Line Experiments by Inbal Leitner

Let’s explore a poem!

It can be the poem you’ve just heard about in the video, or ANY other poem!

If you’d like to work with “Growing up” by Harry Behn, here it is:

Growing Up by Harry Behn

When I was seven

We went for a picnic

up to a magic

Foresty place.

I knew there were tigers

behind every boulder,

though I didn’t meet one face to face.

When I was older

we went for a picnic

up to the very same

place as before,

and all of the trees

and the rocks were so little

They couldn’t hide tigers

Or me anymore.

To Begin

Start by drawing different lines using pencils, pens, paints or any other materials.  Create thin and thick lines, straight and quirky lines, and strong and faint lines.

Explore Shapes Too!
Using paint or pre-painted pieces of paper, see what happens when you create:

  • Big and small shapes.

  • Neat and rough shapes.

  • Simple and complex shapes.

Experiment with sticking shapes on top of each other!

Shape Experiments by Inbal Leitner

Develop your shapes by combining lines and shapes together – do you get any interesting combinations?

Shape and Lines by Inbal Leitner

Creating a Background and Characters

You may want to paint whole pages or parts of the pages in your sketchbook, this can be used as a background or as a foundation layer to draw on.
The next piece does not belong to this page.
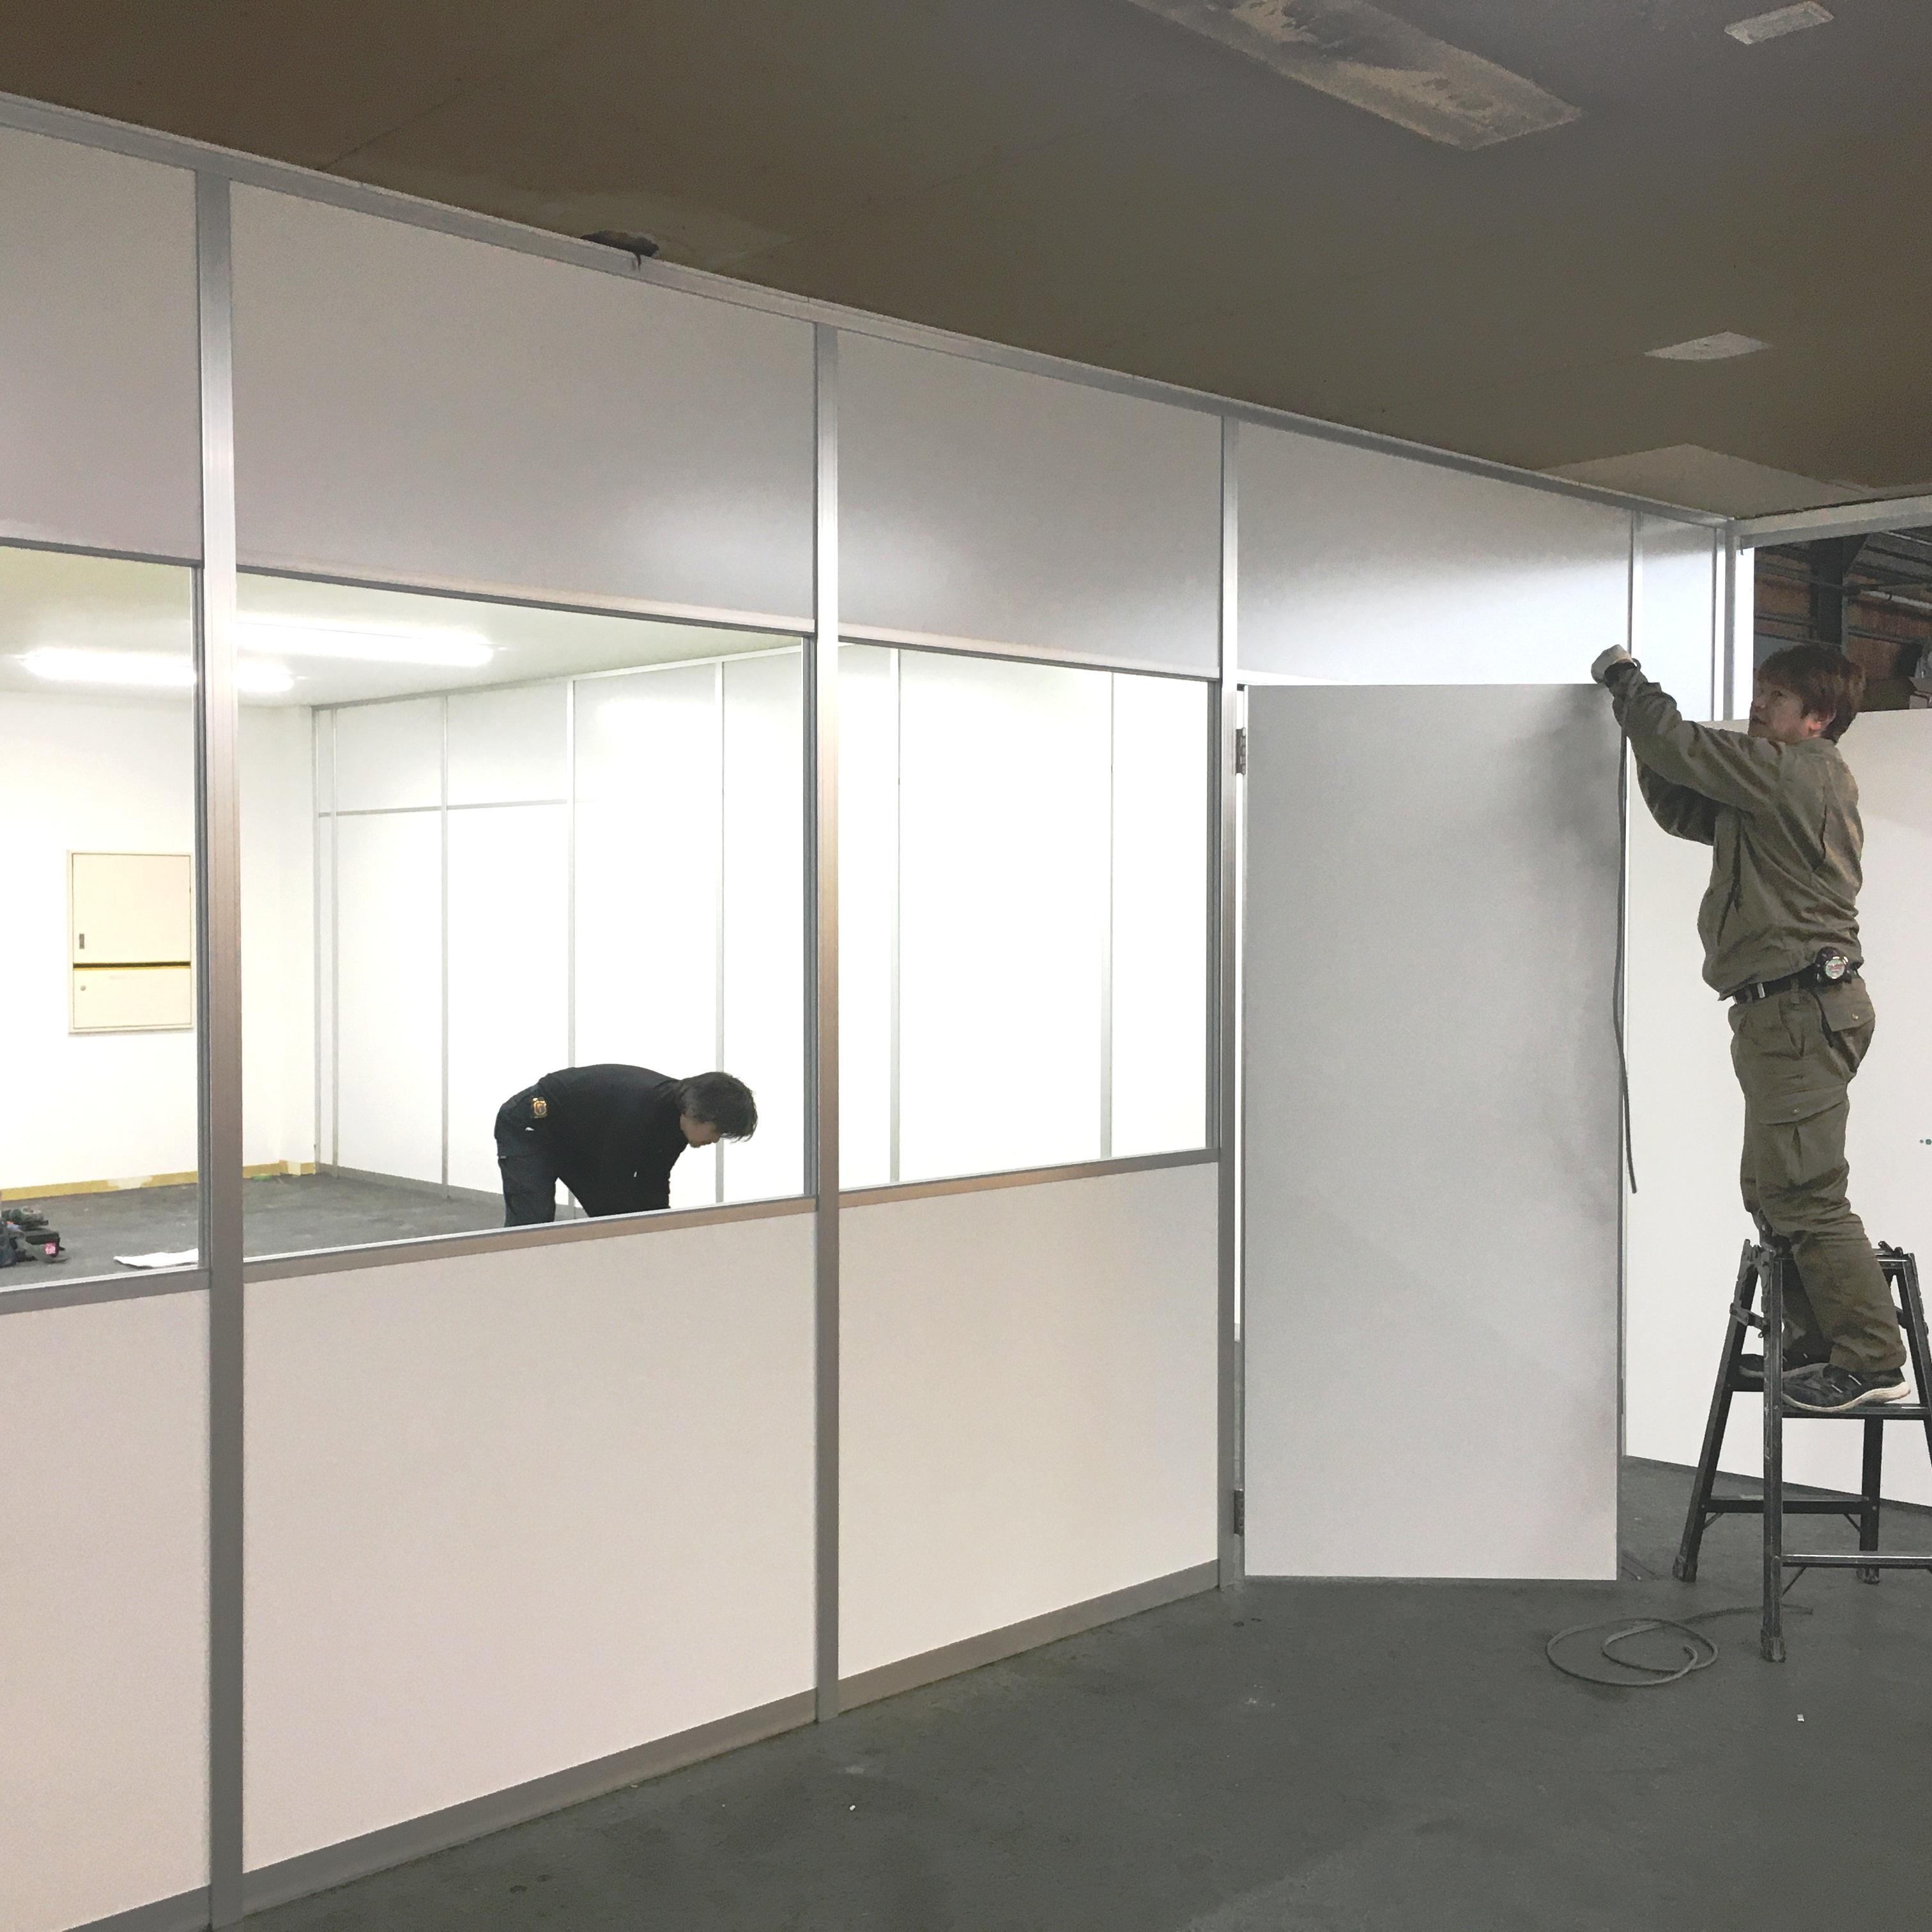 徳島・香川のオフィス内装工事|アルミパーテーション解体・新設工事(間仕切り工事)
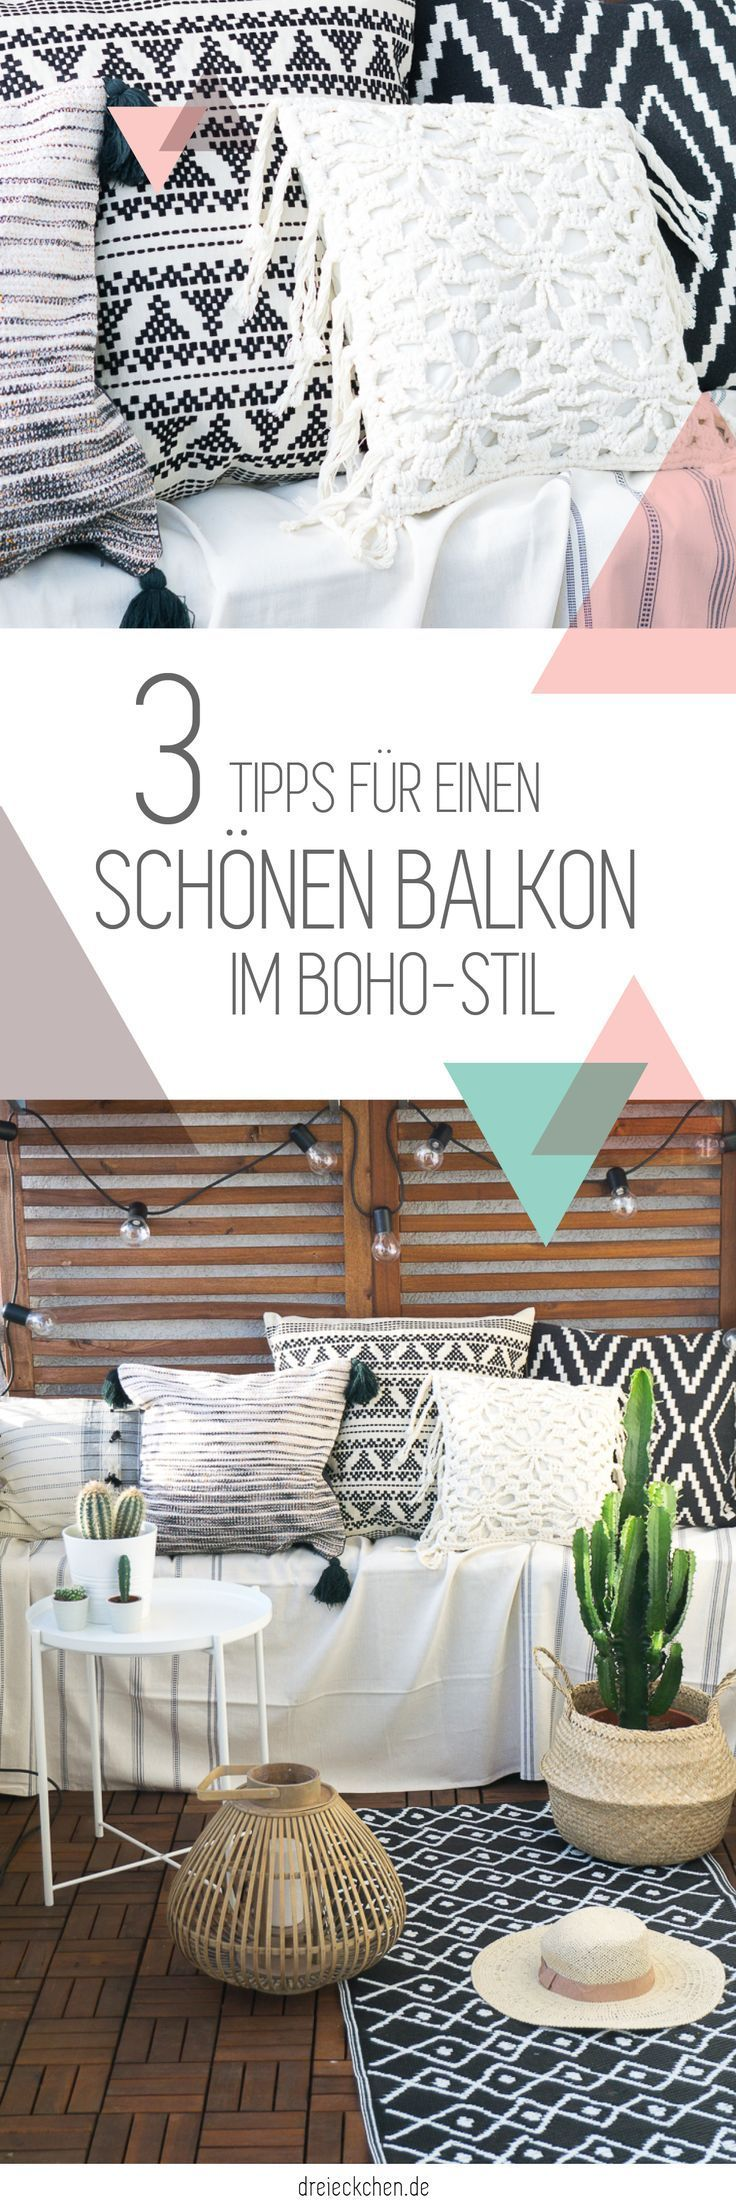 3 Deko Tipps Fur Den Balkon So Einfach Geht Der Boho Look

It can help you create the atmosphere, the feeling of the poem.

What colour would you use for a fun atmosphere? How about mysterious? Or a scary feeling?

Painted Landscape Background by Inbal Leitner

You might want to think of objects that appear in the poem.

Try and create the same object using lines only, shapes only and a combination of lines and shapes.

Use different materials to draw the same object, did you get any interesting combinations? Can you combine objects drawn using line with objects drawn using shapes?

You can also create the objects outside the sketchbook, by cutting or ripping pieces of paper or card. This way you can play with the organisation of the different shapes on the page.

Your sketchbook is like a little poem dictionary, where you draw and give life to objects.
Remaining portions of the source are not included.